I spoke to Gábor about this, and he acknowledged this concern, but also said that fixing it would require far-reaching changes to the underlying Batch API as well. I actually think that'd make a great follow-up for anyone who worked on this issue, because this capability of processing items in a "series of seeks" (I'm using the wrong words here, but), rather than a big stack of things to do, seems like really useful functionality to have as part of the general Batch API. And if we did that, it's likely we could clean up some of the code here.

However! None of that is worth holding up this patch, which looks like a great solution to the problem, and these implementation concerns aside, looks good. Therefore..!

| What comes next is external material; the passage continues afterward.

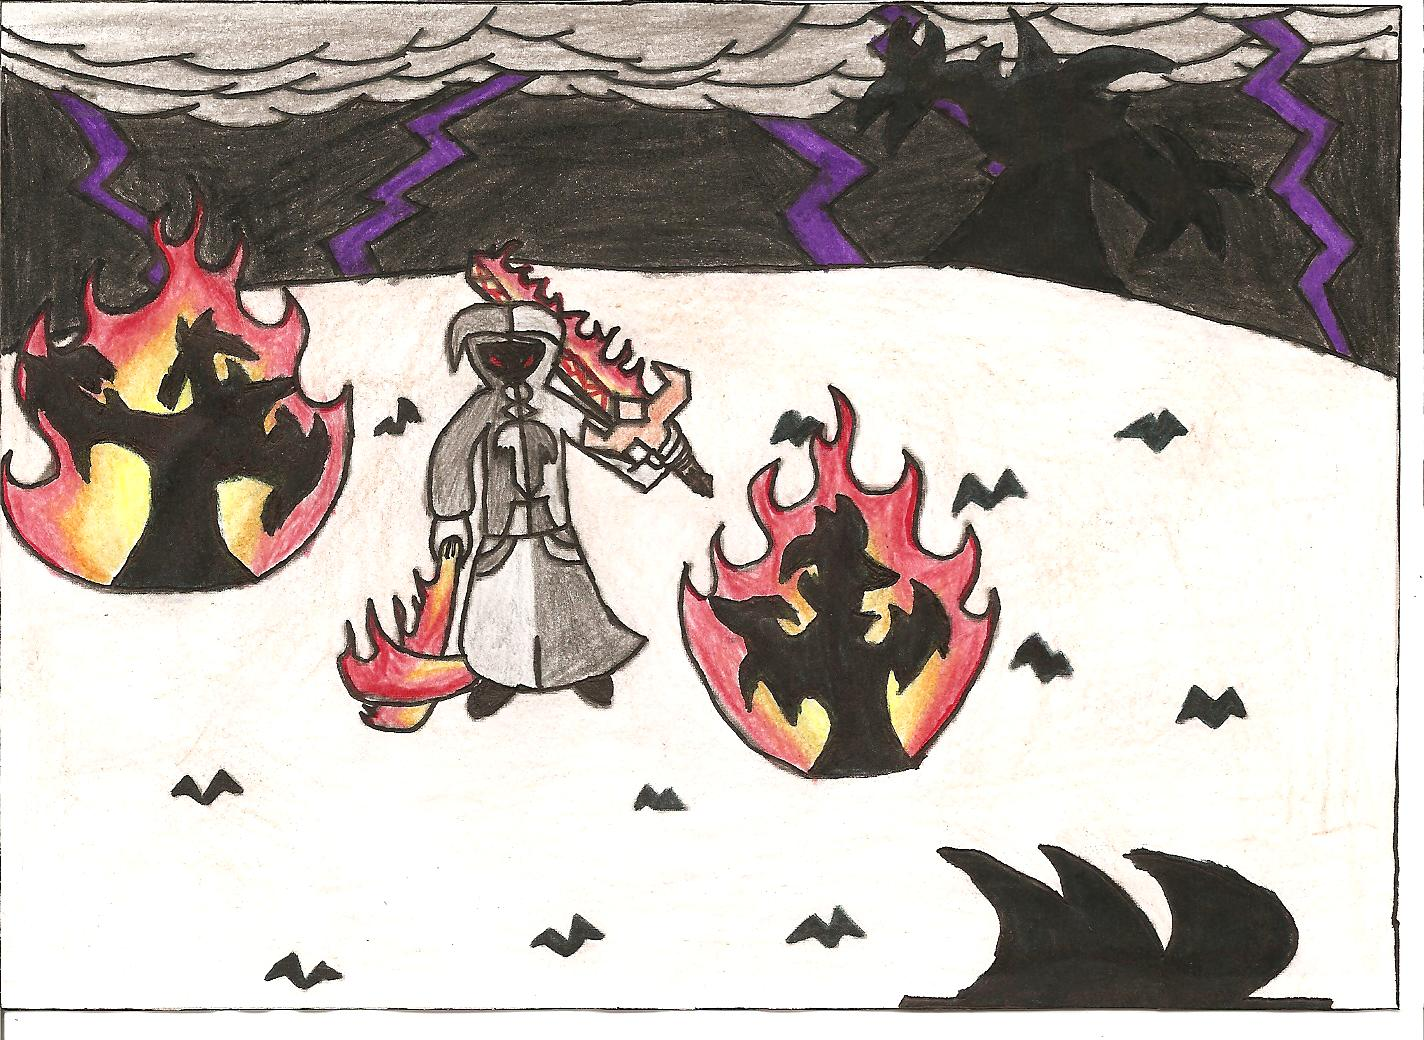 Dax's destructive path

Committed and pushed to 8.x. Thanks! If we could get a follow-up issue to introduce this functionality into Batch API "proper" though, that would be awesome. (Even more awesome if some folks here who had to understand the existing batch API to write this could help push that issue along with at least some pseudocode/description of how it could work, before you all forget everything you learned. :D)

Gábor Hojtsy’s picture

Status: Fixed » Needs review
FileSize
685 bytes

Yay, thanks. Here is a CHANGELOG.txt followup :) Not sure the text is ok, but this should be quick to review.

webchick’s picture

Status: Needs review » Fixed

Text looks good to me!

Committed and pushed to 8.x.

Status: Fixed » Closed (fixed)

Automatically closed -- issue fixed for 2 weeks with no activity.

Gábor Hojtsy’s picture

Issue tags: -sprint

Off the sprint then, thanks all!

Gábor Hojtsy’s picture

Issue summary: View changes

More up to date solution explanation.